Dr. Terpeluk explains that while many people are against vaccinations overall, some are against the flu vaccination in particular. One reason: They haven't always worked. "Some years there hasn't been a good correlation between the vaccination and the flu bug," he says. "Other years, it's been right on. It does protect people, but not 100 percent of the time."

"Generally speaking, people don't like to be told to do things, like take vaccines."

There's also the ongoing chatter about potential side effects. "There are occasional complications from the flu vaccine, but they are rare," he says. "And it's hard to overcome a lot of the myths, like you can get the flu from the flu vaccine."

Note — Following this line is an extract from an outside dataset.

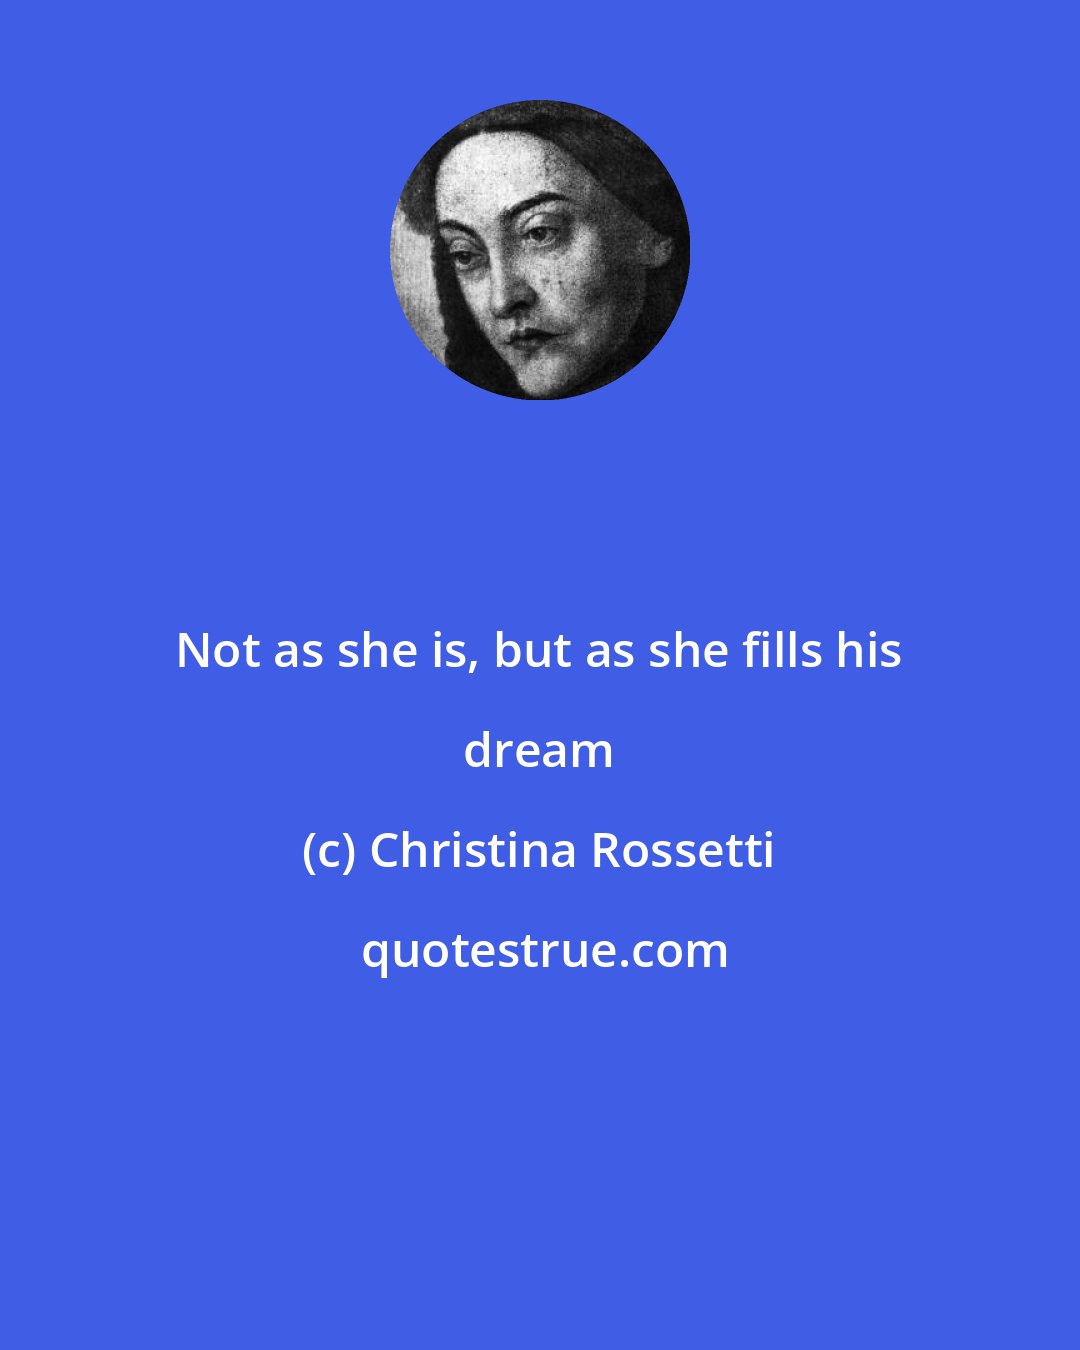 Christina Rossetti: Not as she is, but as she fills his dream

Terpeluk adds that the Cleveland Clinic moved toward a mandatory flu program for two main reasons. "One, obviously patient safety because you don't want to spread the flu among your patients," he says. "And two, employee health, because you don't want your caregivers to be sick and out of work."

The Debate Goes On

While every hospital enforces their flu regulations differently – some will require non-vaccinated employees to wear a facemask, others will threaten termination — there are two exceptions to the rule: employers with religious or medical exemptions; however, making the flu shot mandatory within a hospital setting has become a hot — even litigious— topic.

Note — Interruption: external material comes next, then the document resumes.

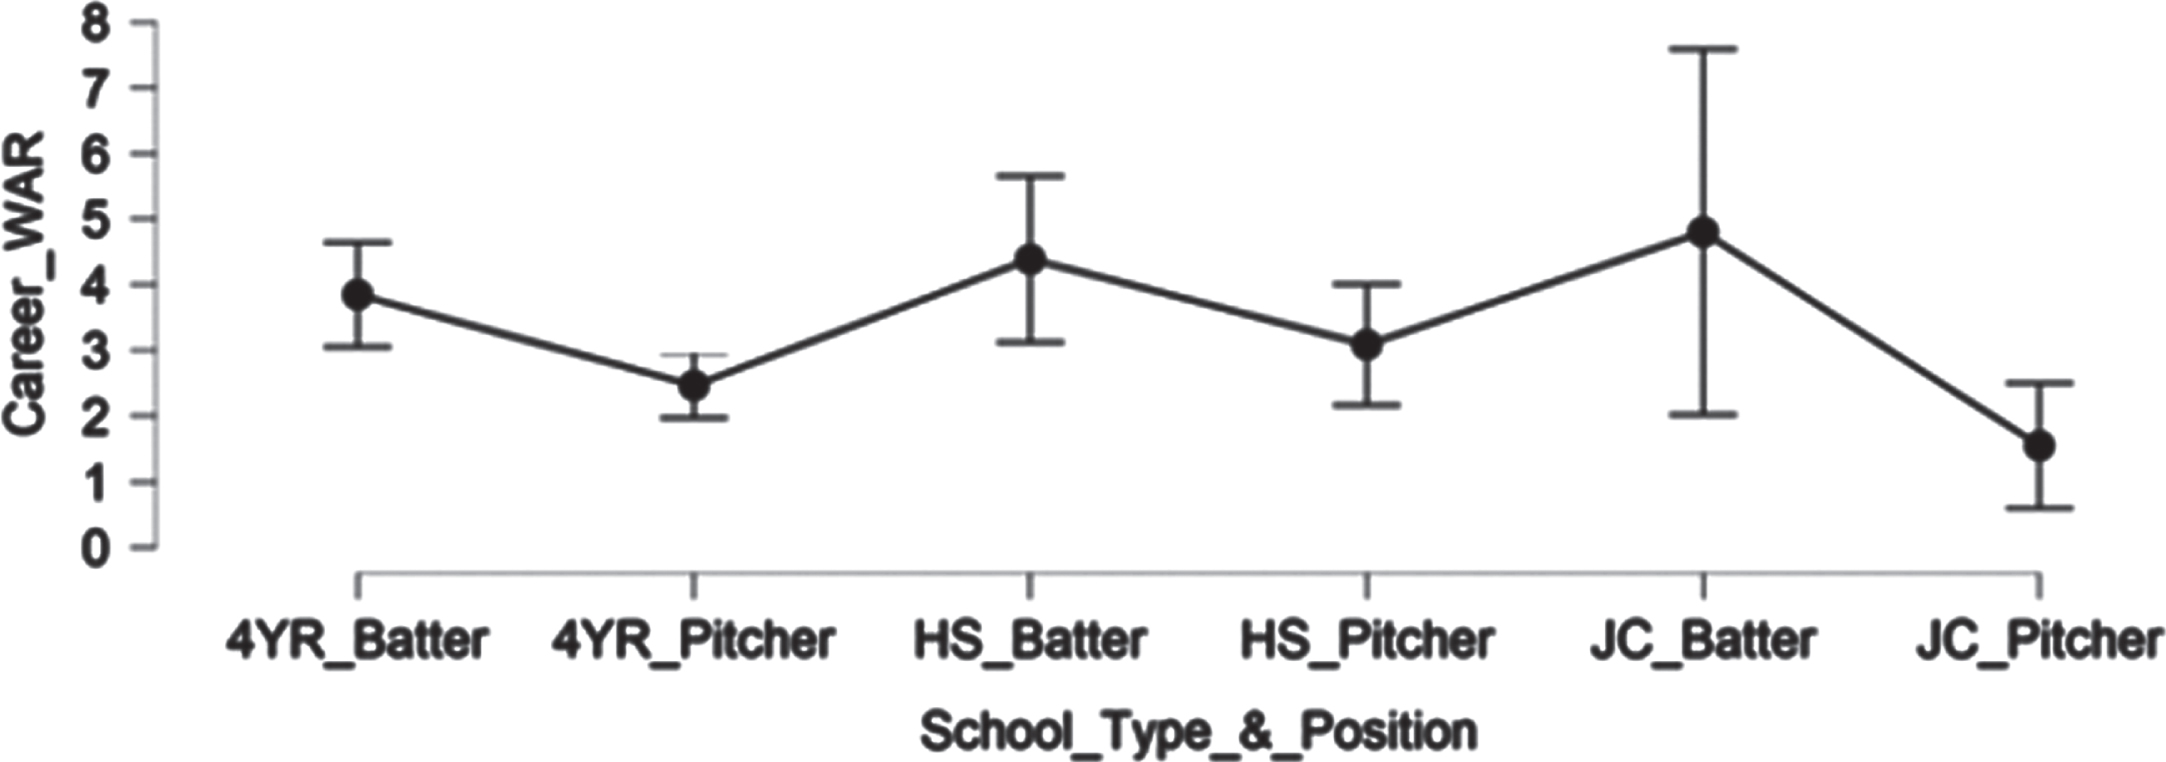 Career WAR differences by educational groupings in the first round. Less WAR was seen in first round pitchers from 4-year institutions compared to 4-year and high school hitters.

Back in 2013, at least 15 nurses and other hospital staffers in four states were fired for refusing the vaccine, as reported by CBS News. And in June 2014, a New Jersey court ruled in the favor of a nurse who was denied unemployment benefits after she was fired for refusing the flu shot.

"My opinion is that we should encourage vaccination, but not mandate it," says Michael B. Edmond, MD, chief quality officer and associate chief medical officer at University of Iowa Hospitals & Clinics. "I also think that hospitals should work harder to prevent presenteeism (sick people coming to work)."

"I second Dr. Edmond's comments and add that we need to invest more resources into developing improved vaccines that have activity beyond one year," says colleague Eli Perencevich, MD, professor of internal medicine at University of Iowa Carver College of Medicine. "It strains hospital resources to undertake vaccination programs every year."